• [TASK INSTRUCTIONS] The lines below, from the one holding "Celebrate OLEDs perfect" through the one holding "Conair MPW Features, High", are to be restated word for word, with all images left out.

-- DATA SHOWN follows --

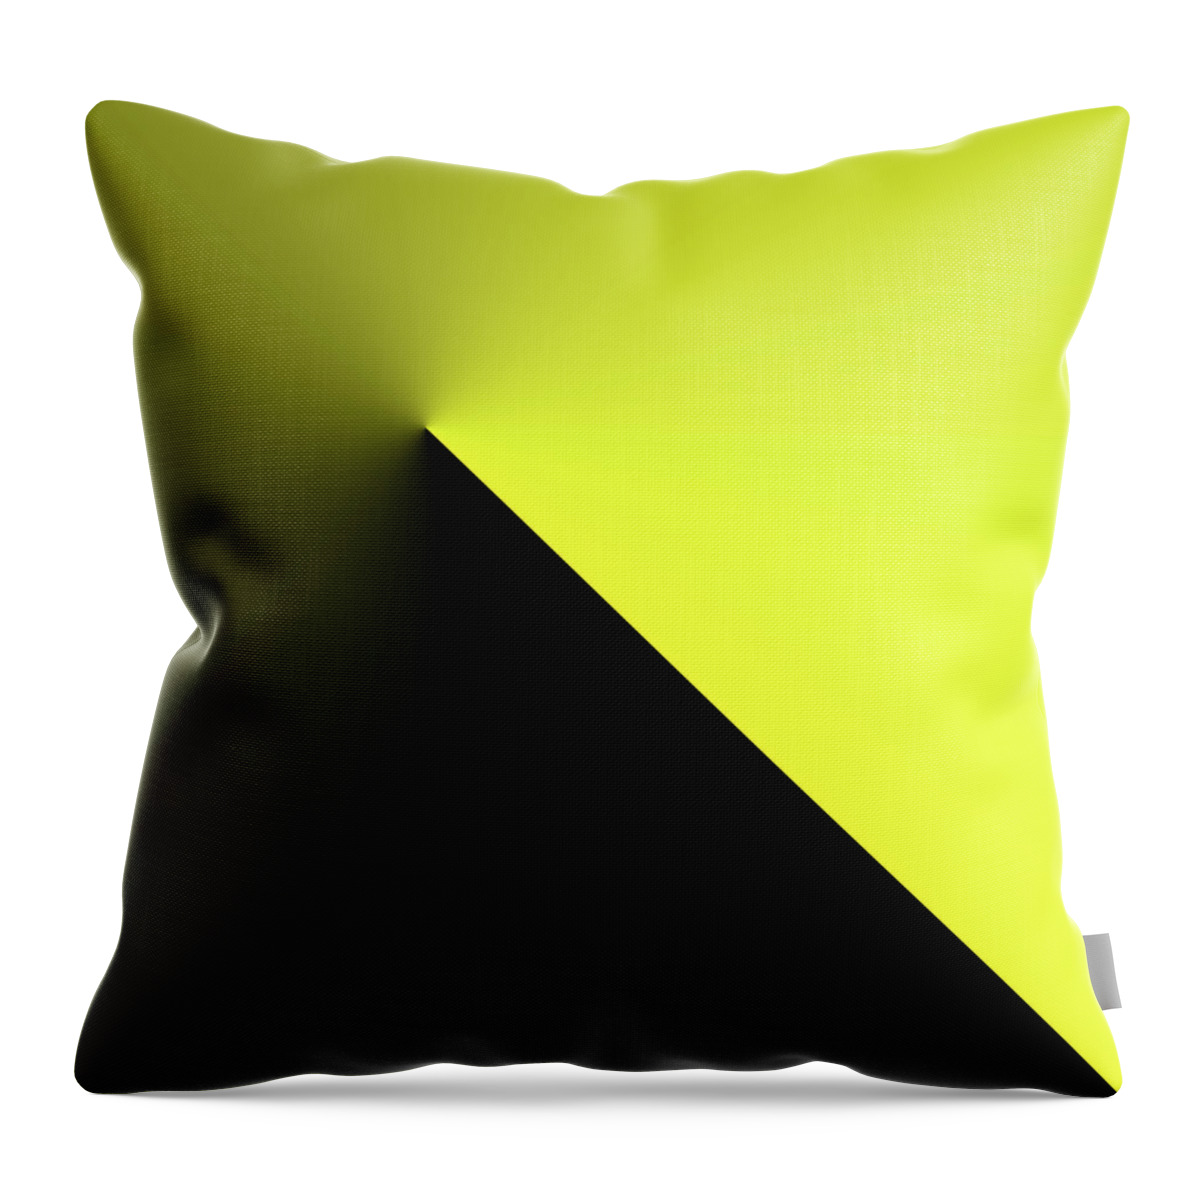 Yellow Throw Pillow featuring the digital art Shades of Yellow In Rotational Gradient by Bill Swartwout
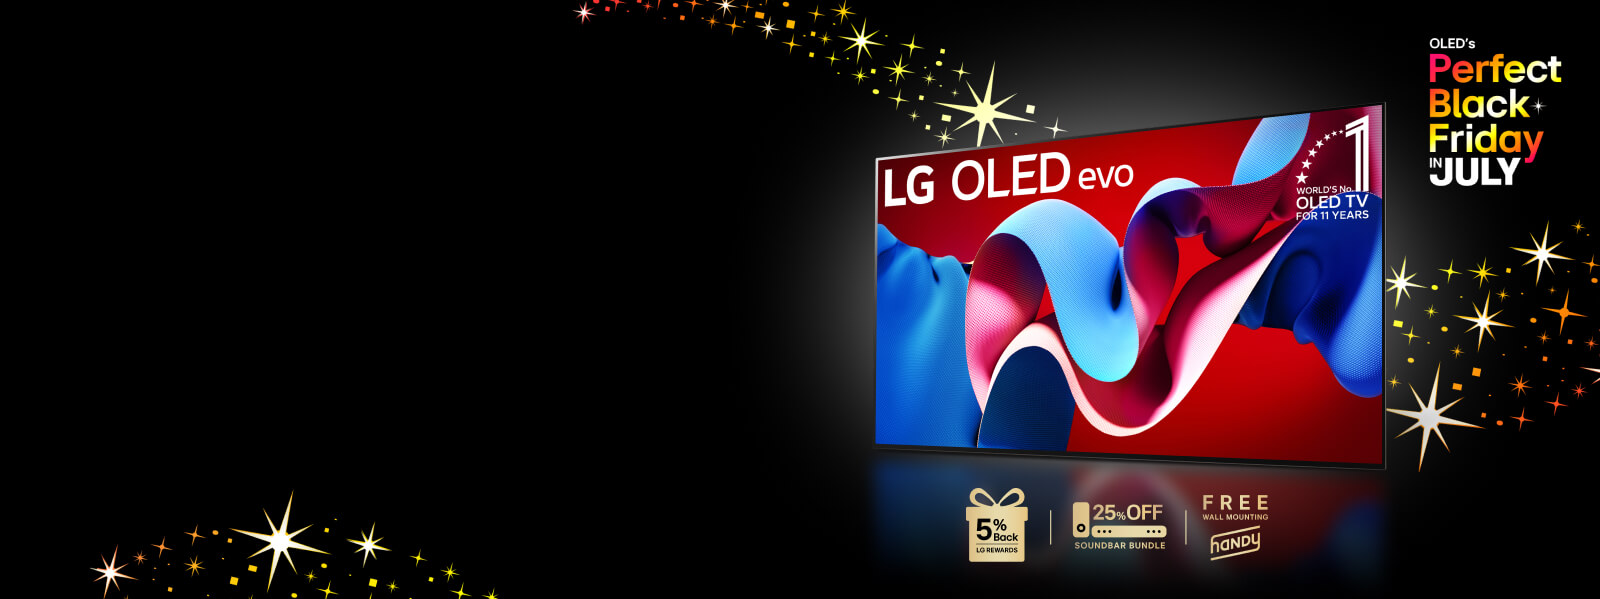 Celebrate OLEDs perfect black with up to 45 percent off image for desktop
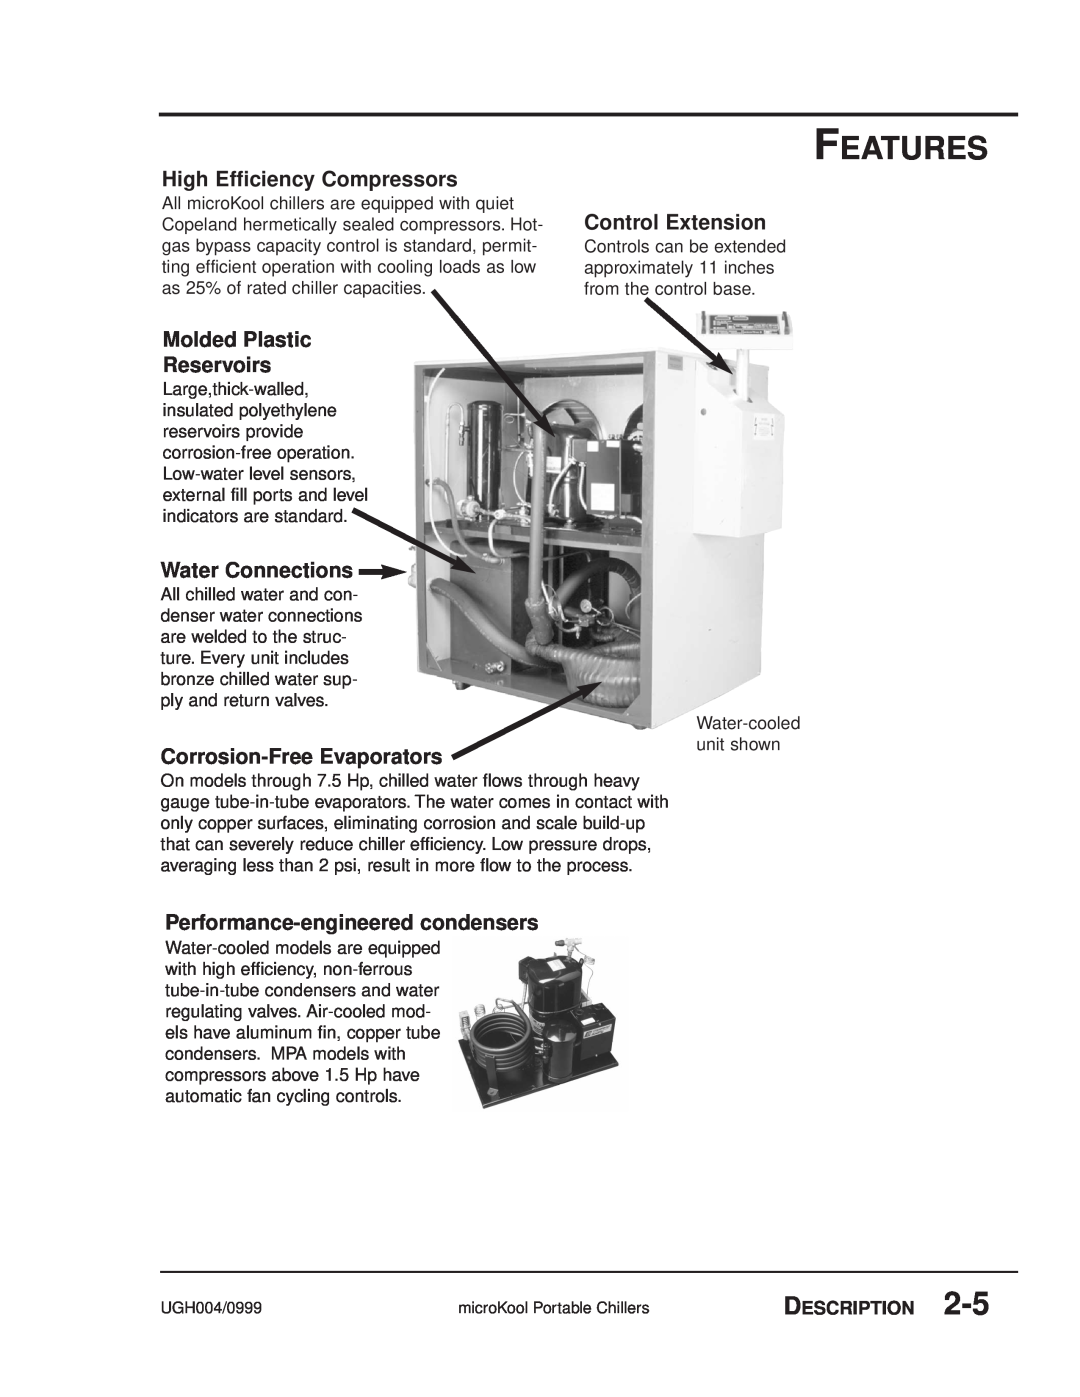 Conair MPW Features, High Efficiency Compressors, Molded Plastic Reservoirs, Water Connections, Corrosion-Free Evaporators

-- DATA SHOWN concluded --
-- DATA SHOWN follows --

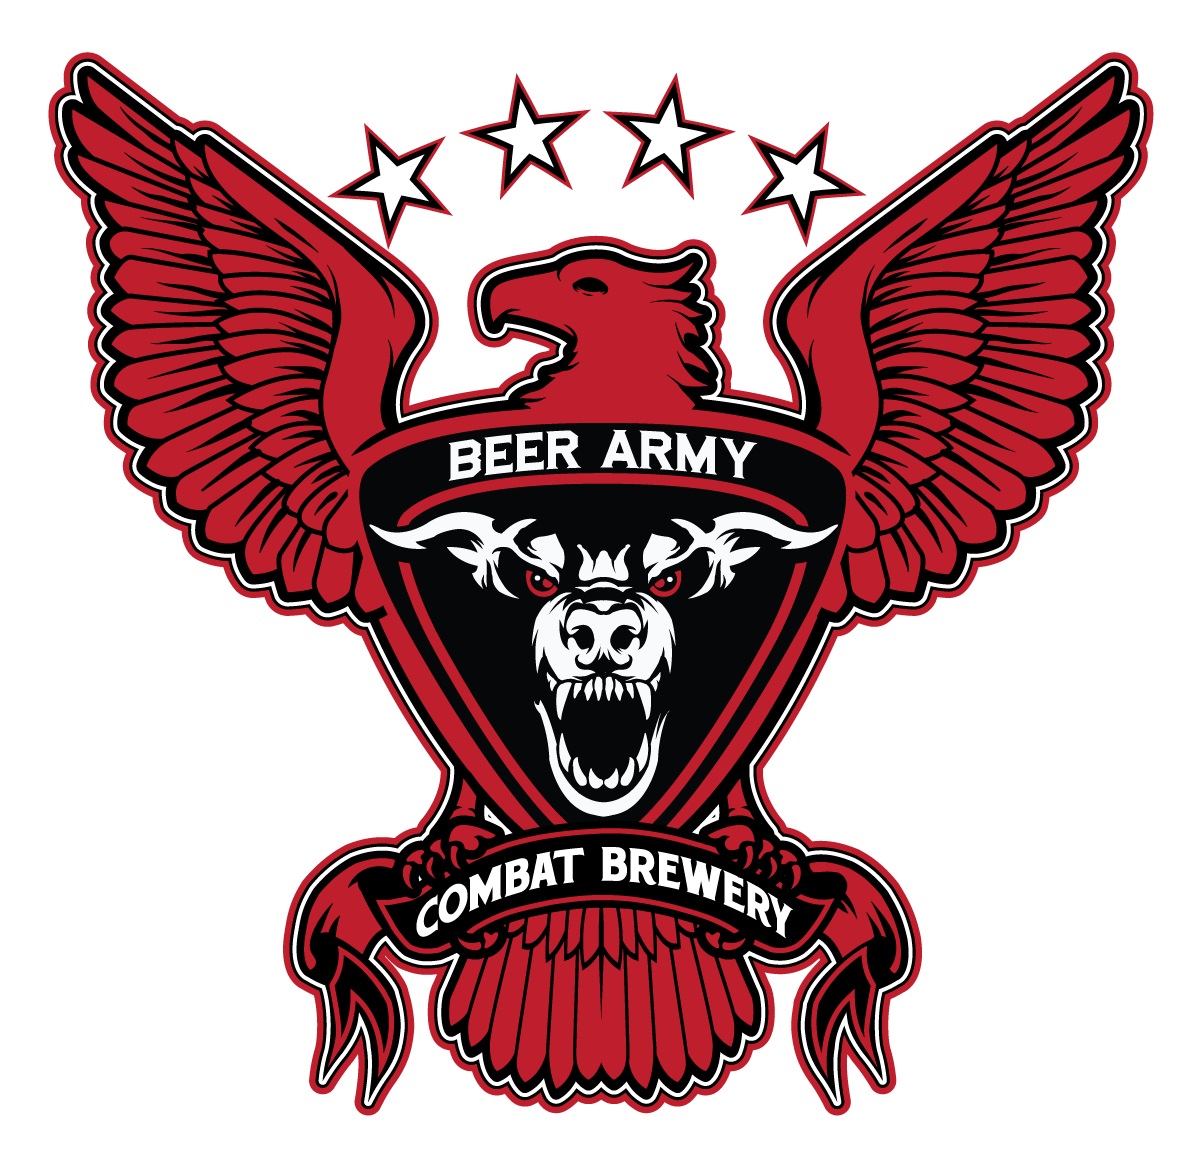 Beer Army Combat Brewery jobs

-- DATA SHOWN concluded --
-- DATA SHOWN follows --

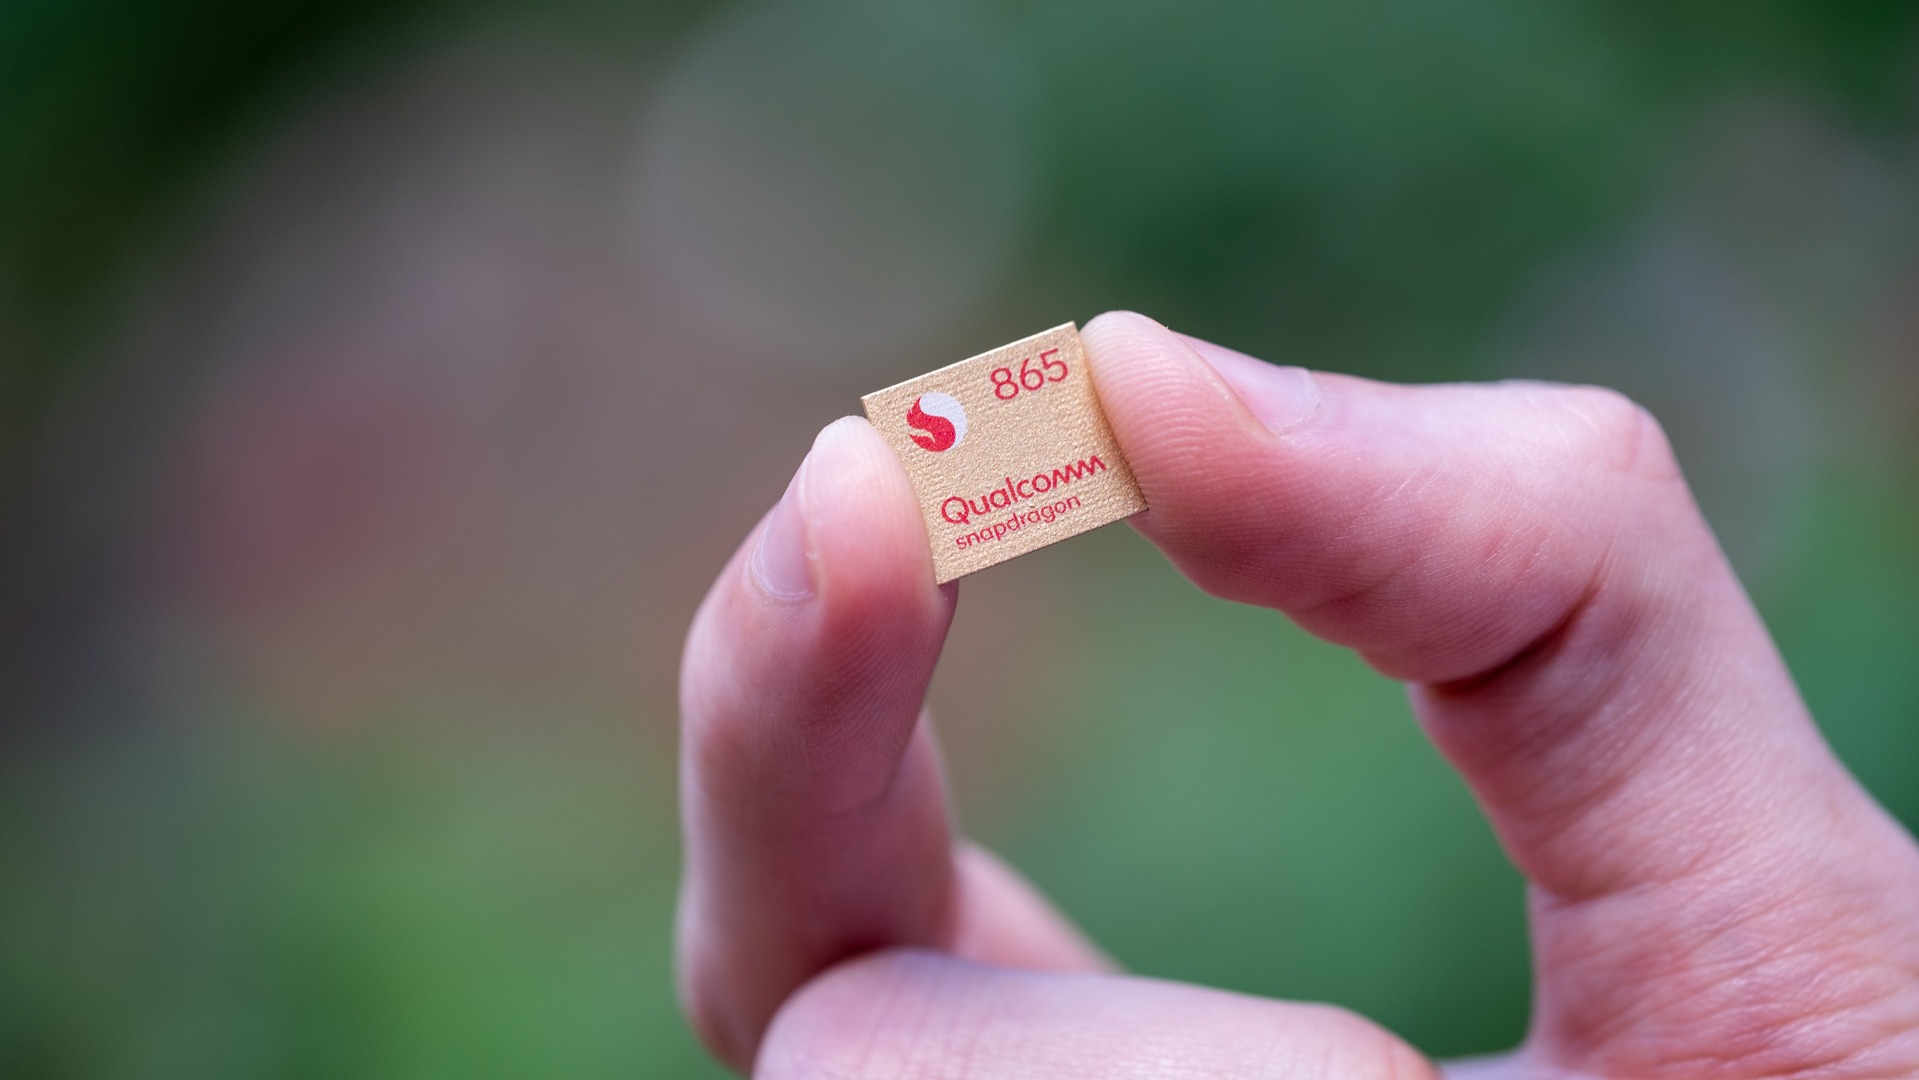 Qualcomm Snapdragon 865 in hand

-- DATA SHOWN concluded --

• [RESPONSE AREA]
 Celebrate OLEDs perfect black with up to 45 percent off image for desktop
 Conair MPW Features, High Efficiency Compressors, Molded Plastic Reservoirs, Water Connections, Corrosion-Free Evaporators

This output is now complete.